Bliss for four people

Disclamer

It’s been awhile since I prepared this, so I might forget to mention some ingredients. I will try to explain it the best way I can, so read carefully. Even before I start with the recipe, I must warn you about where you can find the things needed to make a Bliss. This will involve long time to find everything you need, but it is worth of trouble. Let’s say you have everything and start with the process of making Bliss, because I know you will manage somehow.

First of all, you need to find a Gorgonilite that is barely ripe and freshly delivered from the A3 B43 C13 D1 Bingo planet. If it’s not fresh, it will grow sad and you don’t want to eat something that’s sad do you? It will only make you sad and make you question your life, why did she left me, why couldn’t I keep my old job, where is Katniss Everdeen when you need her? etc.

Now, Gorgonilite is a naive creature, lucky you, because you can cheer him up before you put it in the pot.

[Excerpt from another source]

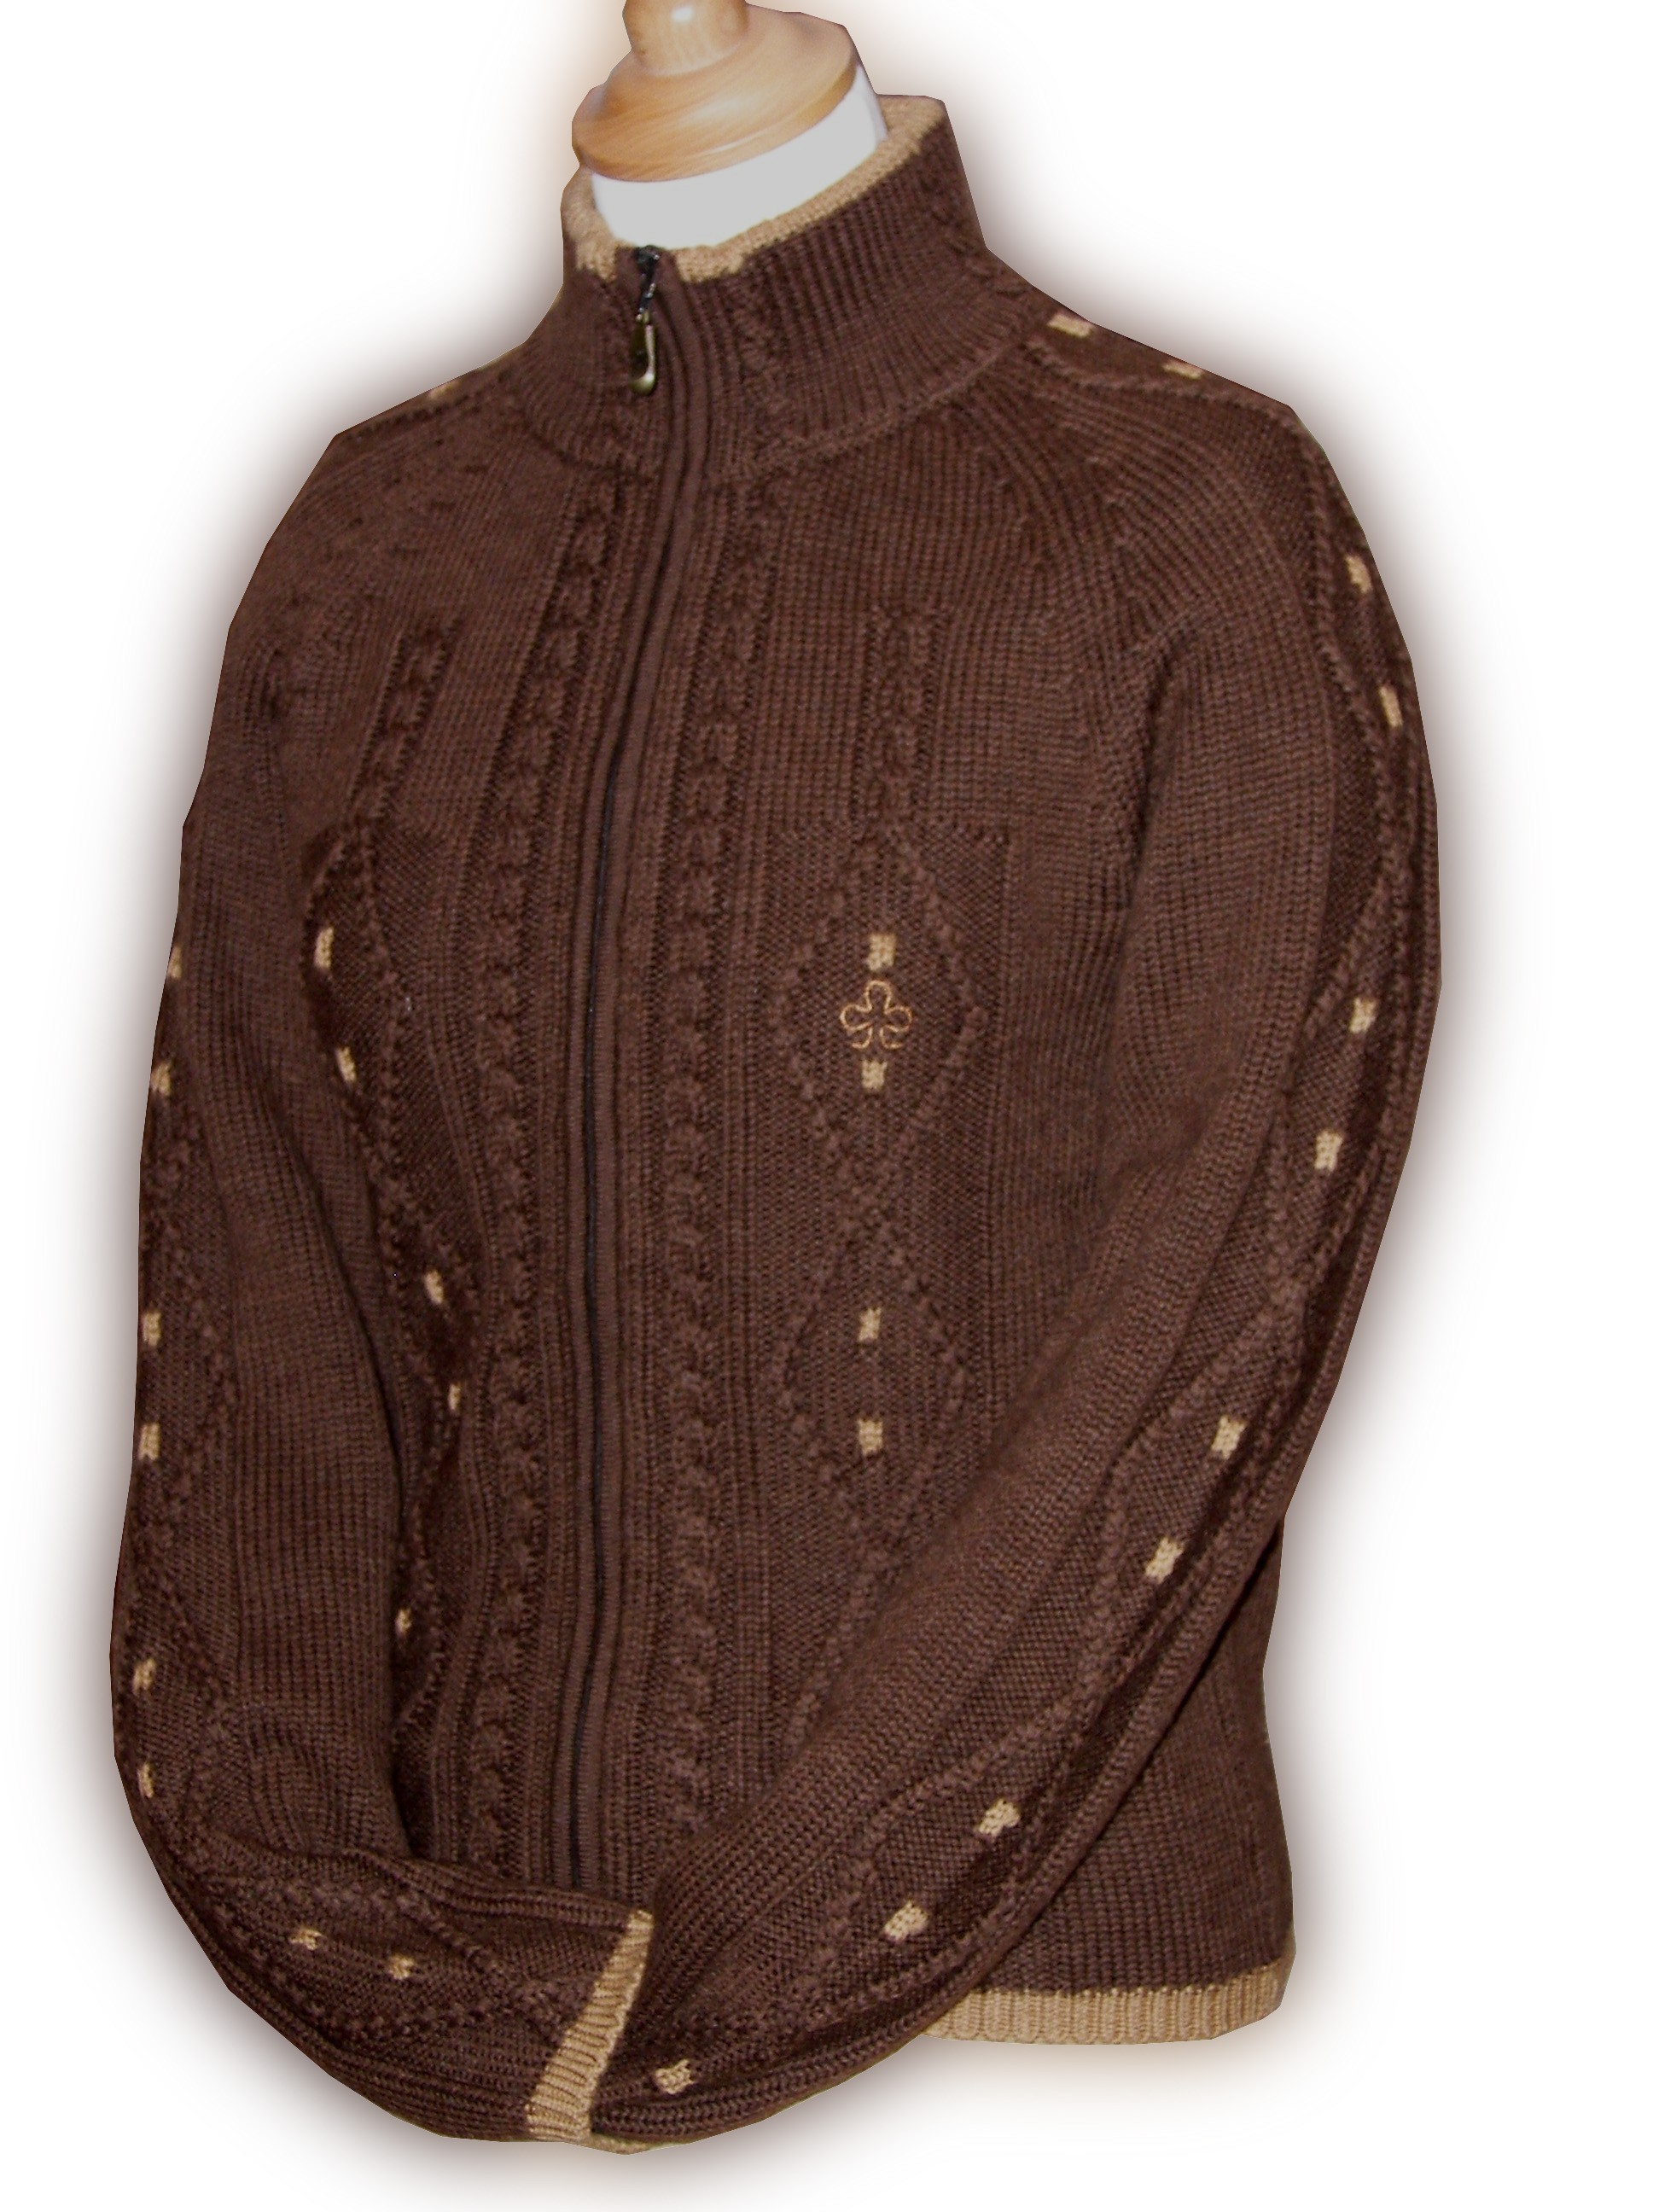 Gant femme tricoté cuir/laine - Charles de Nevel

You would have to dance in circle and recite some dank song mixing two artist. If you wonder why, well – dancing in circles will disorient it and song will put it to sleep. It prefers the modern songs that have short lyrics and dumb message for some reason.

When Gorgonite is sleeping, you pick it up very gently and put in the pot. Very silently start adding water until Gorgonite is covered with it over it’s head and put the pot in the oven. Set temperature to 200 blistering Suns, and put a lock on the oven because you don’t want fully inflamed Gorgonite running around, burning down your house – Jennifer Lawrence style.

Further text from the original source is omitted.